# COLLECTED DATA:
☆ ☆ ☆ ☆ ☆
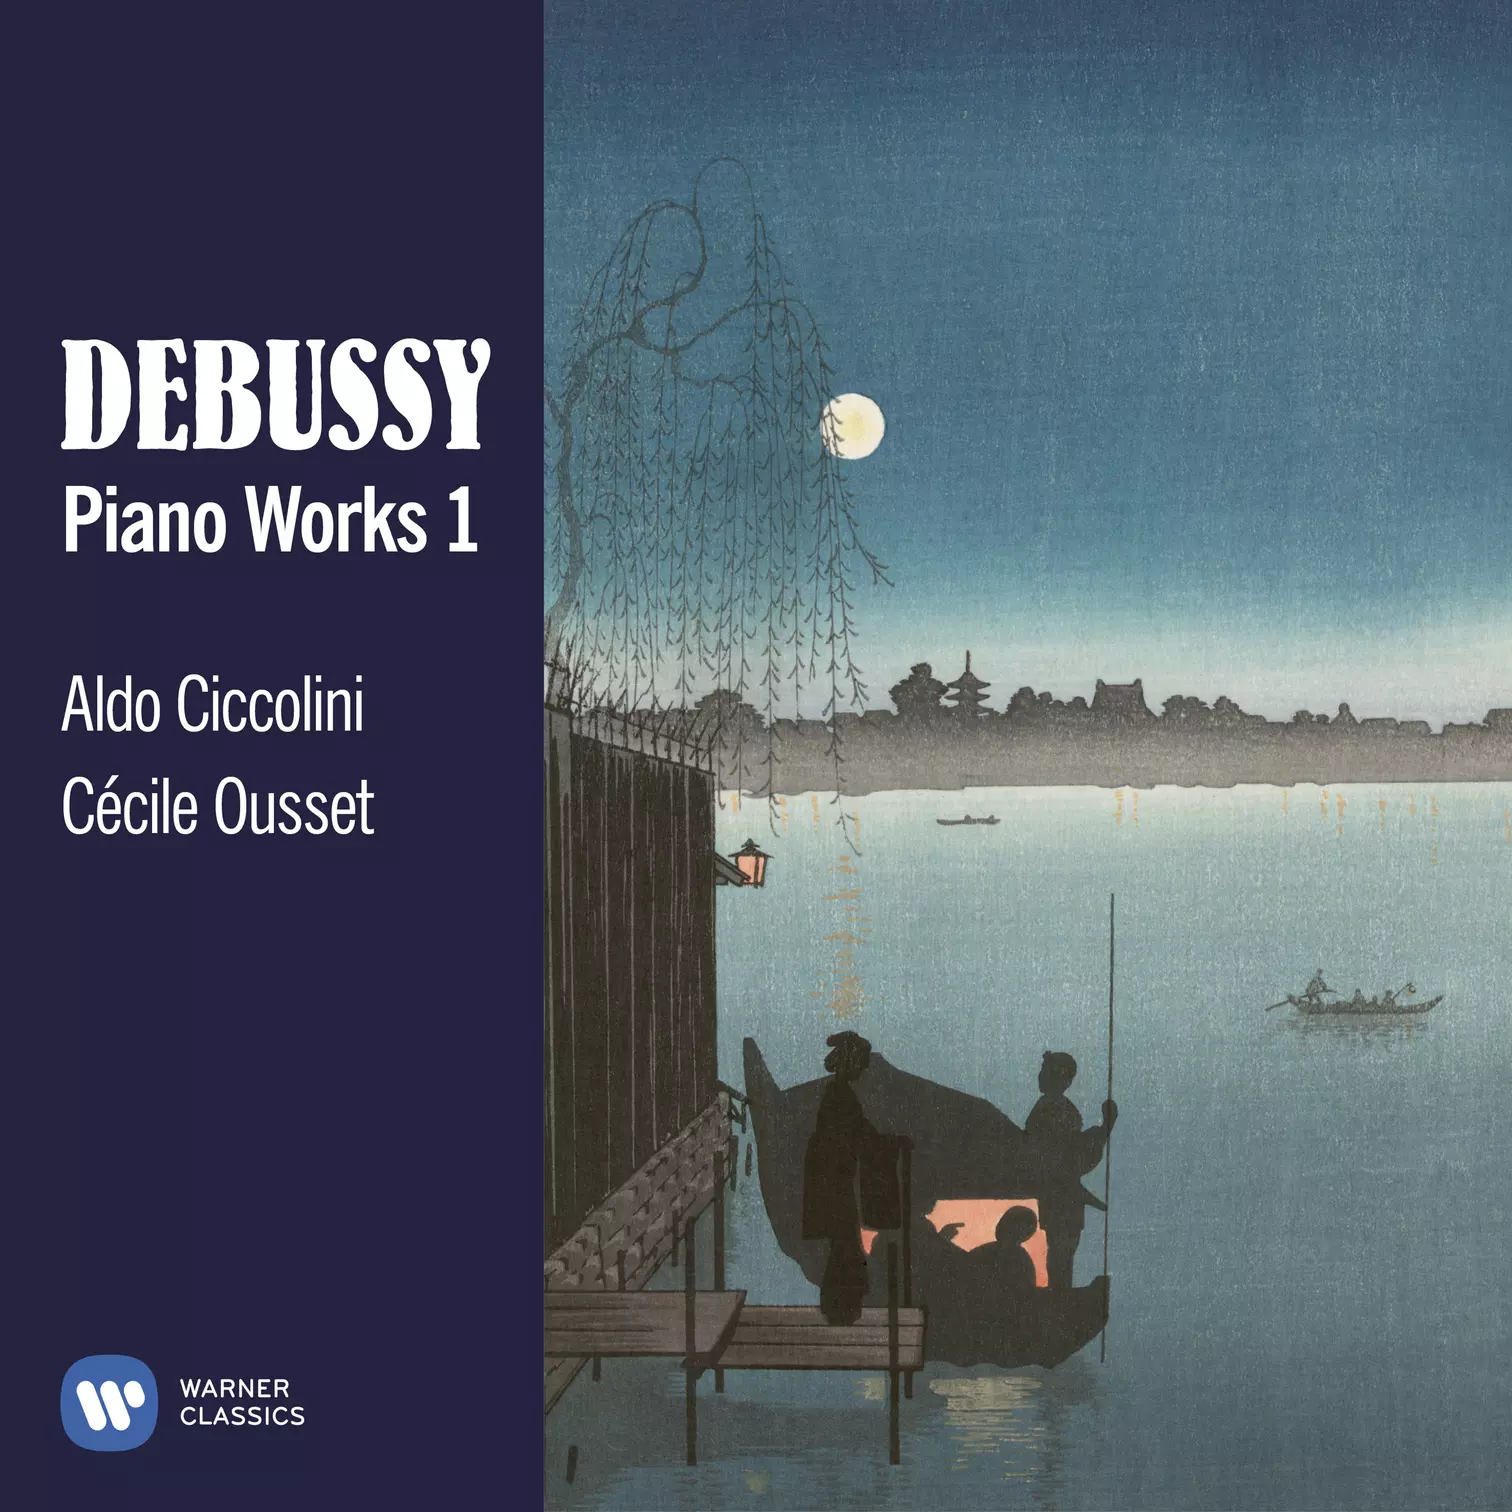 Debussy: Piano Works 1
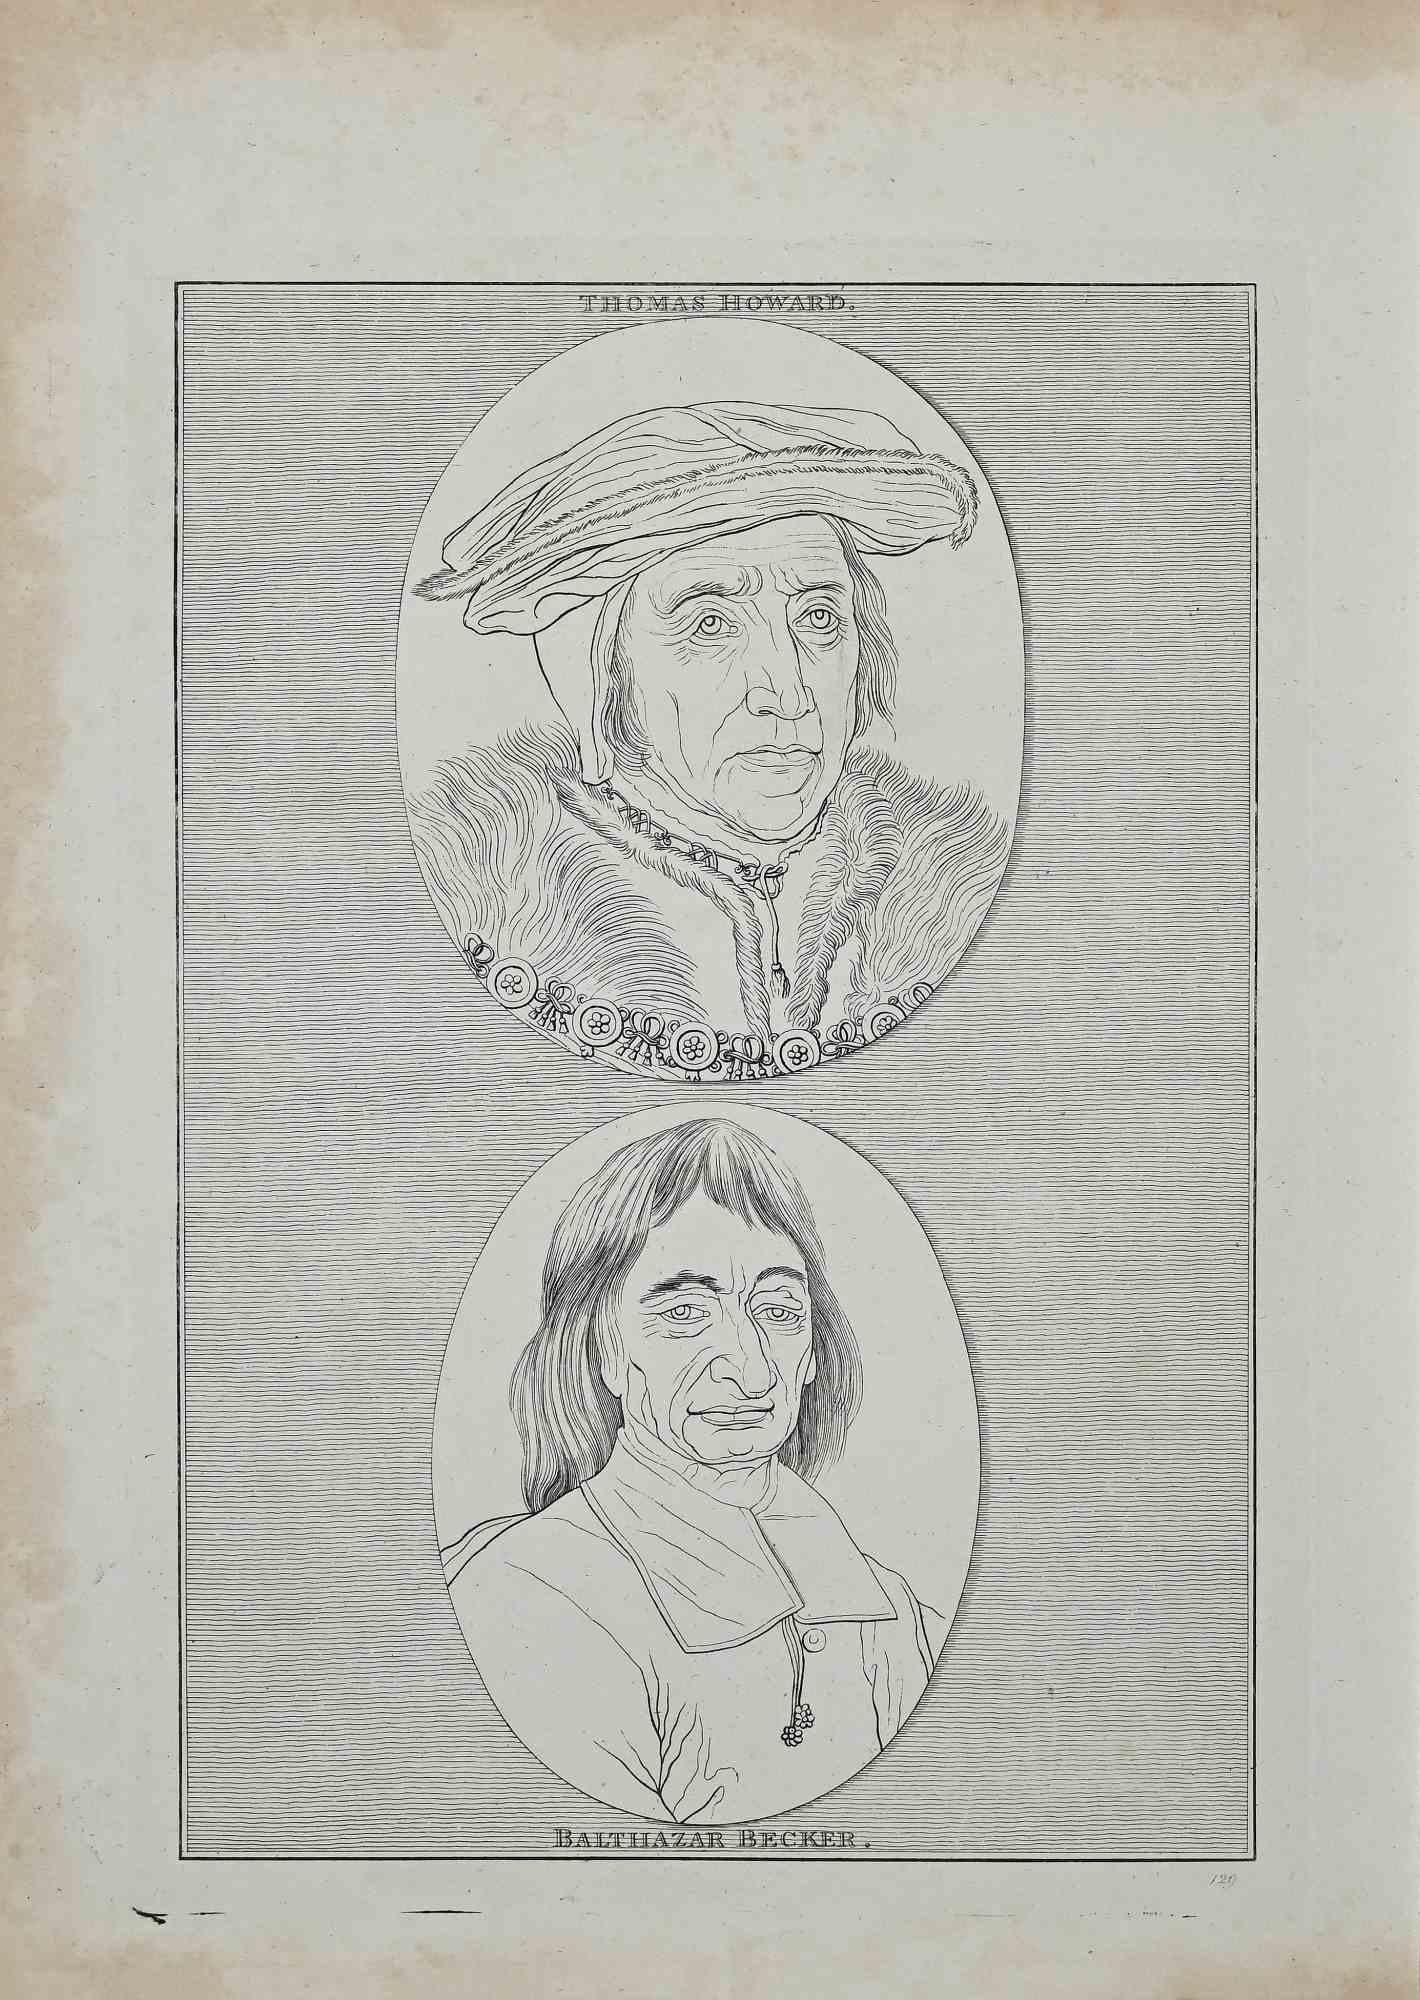 Portrait of Thomas Howard and Balthazar Becker is an original etching artwork realized by Thomas Holloway for Johann Caspar Lavater's "Essays on Physiognomy, Designed to Promote the Knowledge and the Love of Mankind", London, Bensley, 1810. 

Good
☆ ☆ ☆ ☆ ☆
# YOUR INSTRUCTIONS:
Leaving out the images, repeat the listing above exactly.

# EXPECTED OUTPUT:
 Debussy: Piano Works 1
 Portrait of Thomas Howard and Balthazar Becker is an original etching artwork realized by Thomas Holloway for Johann Caspar Lavater's "Essays on Physiognomy, Designed to Promote the Knowledge and the Love of Mankind", London, Bensley, 1810. 

Good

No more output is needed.